Masters and Johnson’s model of sexual responsiveness for both men and women was a linear one, composed of at least three distinct phases:
- Sexual desire: thoughts, fantasies, motivation to engage in sexual activity.
- Sexual arousal: physical changes alongside subjective appraisal of feeling aroused or “turned on.” Physical indicators include increased muscle tension, respiration rate, heart rate, blood pressure, and vasocongestion (i.e., engorgement of blood vessels producing penile erection and swollen testes in men, and swelling of the clitoris and vaginal lubrication in women).
- Sexual orgasm.
(In the 1960s, Helen Singer Kaplan, Ph.D. added a fourth phase to Masters and Johnson’s Sexual Response Cycle — the Resolution Phase. This phase refers to the physiological changes that are produced when sexual arousal subsides and one returns to their pre-sexual state. )

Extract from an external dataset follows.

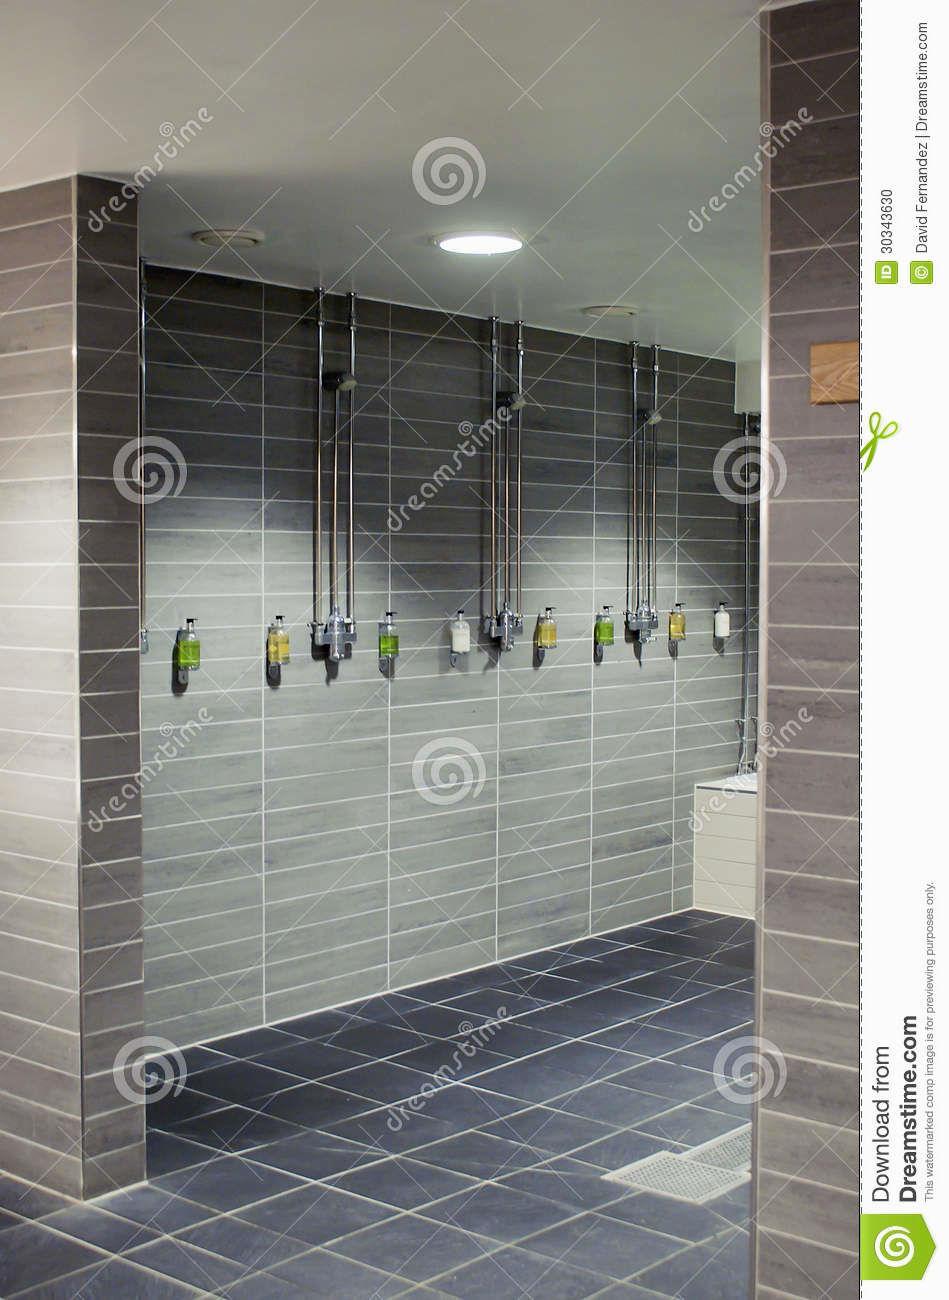 stylish bathroom shower tile ideas image-Amazing Bathroom Shower Tile Ideas Photo

While Masters and Johnson’s work in the 1950s and 60s was noteworthy and trail-blazing in the study of human sexuality, more recent research has identified problems with their original model, particularly as regards the sexual response cycle of women. These studies have shown that many, if not most women, do not move progressively and sequentially through the phases as described.
Sex educator and researcher Beverly Whipple at Rutgers University, for example, suggested that women may not even experience all of the phases: they may move from sexual arousal to orgasm and satisfaction without experiencing sexual desire, or they can experience desire, arousal, and satisfaction but not orgasm.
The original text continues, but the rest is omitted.